Chekov looks up at him with wide green eyes and there’s this flush in his cheeks and Sulu remembers an away mission on a world where the biting wind never stopped blowing and how Chekov had looked flushed and breathless and wild for weeks on end, and then he’d kissed him. He’d loved that fucking planet.

“It is seven A.M Pacific time,” says Chekov, his fingers slipping against bare skin and the white towel wrapped around Sulu’s waist.

Sulu quirks an eyebrow.

“Yes?”
“You aren’t due on the bridge until nine.”

Sulu doesn’t say anything. He leans down and gently takes the chess piece out of Chekov’s hand and sets it back on the board. In a couple of hours, he’ll be back on the bridge and Chekov will be sleep tousled and yawning and he’ll sit down with cup of coffee and he’ll reset the board piece by piece and, tomorrow, they’ll start the game again because, for right now, it’s as close as they get, most days but, for now, they have time.

The bed is narrow with both of them in it but they find a way. Chekov shifts and wraps his legs up around Sulu’s waist and both hands up over his head, holding on to the bed frame, and he bites his lip and he shifts down and Sulu does the best that he can to hold on and then the pulse flutters in Chekov’s throat and he moans and all Sulu can think is fucking checkmate.

“I love you,” he says, and it’s out of his mouth before he realises that it’s the first time he’s ever said and he doesn’t give a shit because it’s true because there’s this kid, this wonderful kid who has maps of the whole universe in his head and he does love him, he loves him so much, and he doesn’t care if he never wins.

Flushed and wide eyed and beautiful, Chekov blinks and then he smiles broad and beautiful and he gives this little, very Russian nod of his head.

“I know,” he says, his fingers digging into the skin and muscle over Sulu’s hips, drawing him in tighter, pulling, and he can feel the chafe of Chekov’s dick against his belly and all Sulu thinks is that he could do this forever only he can’t and he won’t because the bridge is expecting him and the board needs to be reset.

Chekov comes with a gasp and flood of warmth between their bodies and someone makes this broken sound and Sulu thinks that it must be him.

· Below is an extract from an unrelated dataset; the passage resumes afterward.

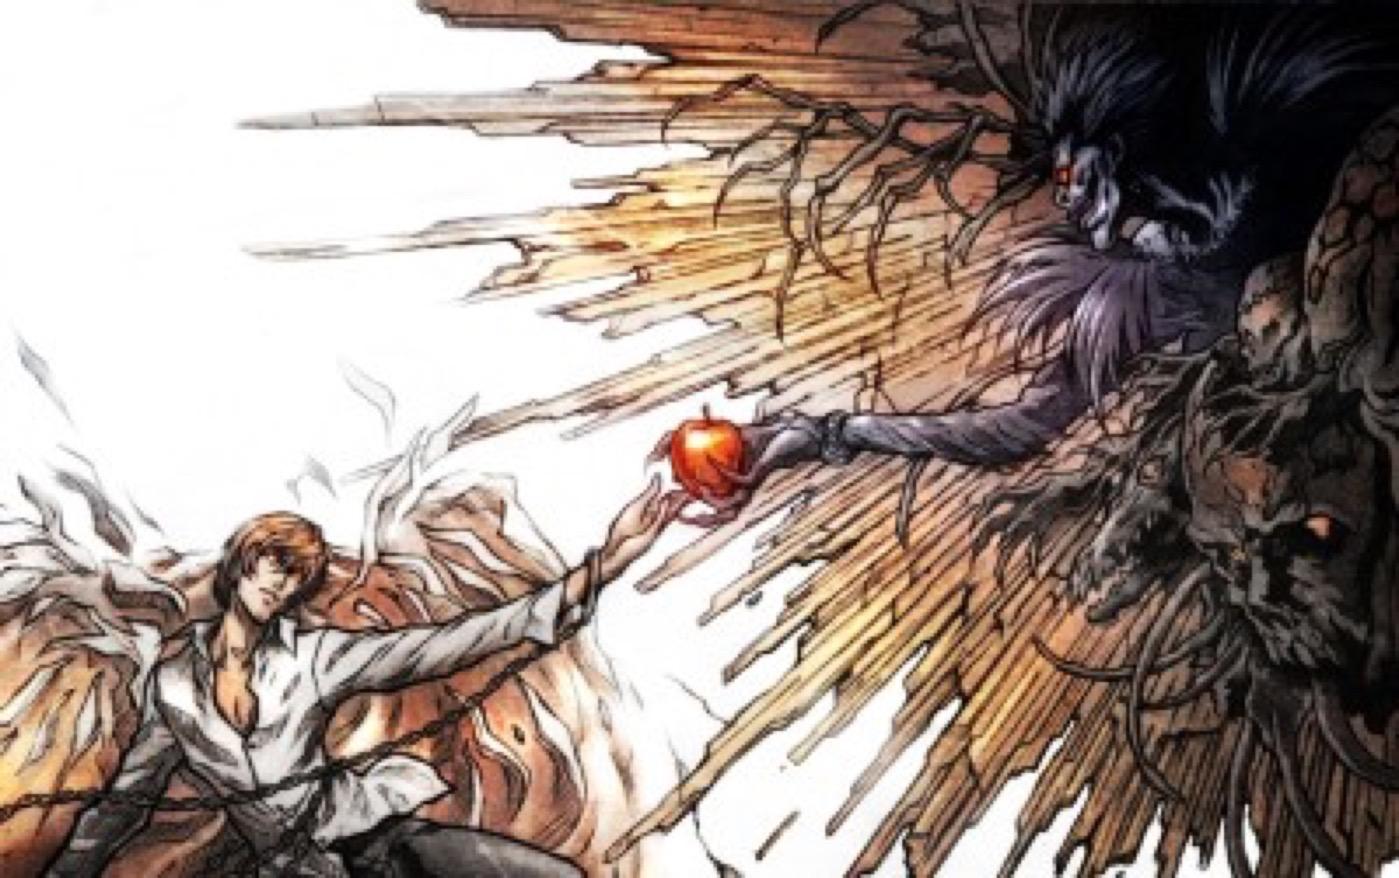 death_note_ryuk_yagami_light_apples_desktop_2229x1_by_gelatin95-d5sjwrs

What is he supposed to do but follow?

Afterwards, he bends his head and kisses Chekov’s shoulder. Without opening his eyes, Chekov smiles.

“You need another shower,” he says, quietly. His accent’s always thicker when he’s on the way to falling asleep and Sulu strokes his hair back from his forehead and kisses the bridge of his nose.

“I think I’ll go to the bridge smelling of you,” he says and Chekov huffs a laugh out through his nose and swats at him with one hand and there’s another hour or so until he needs to be on the bridge, so Sulu closes his eyes and there’s always been a part of him that yearned for stars and a part of him that will always yearn for the green sea where he grew up and then there’s Chekov and a never-ending game of chess and, somehow, it’s the only place to be.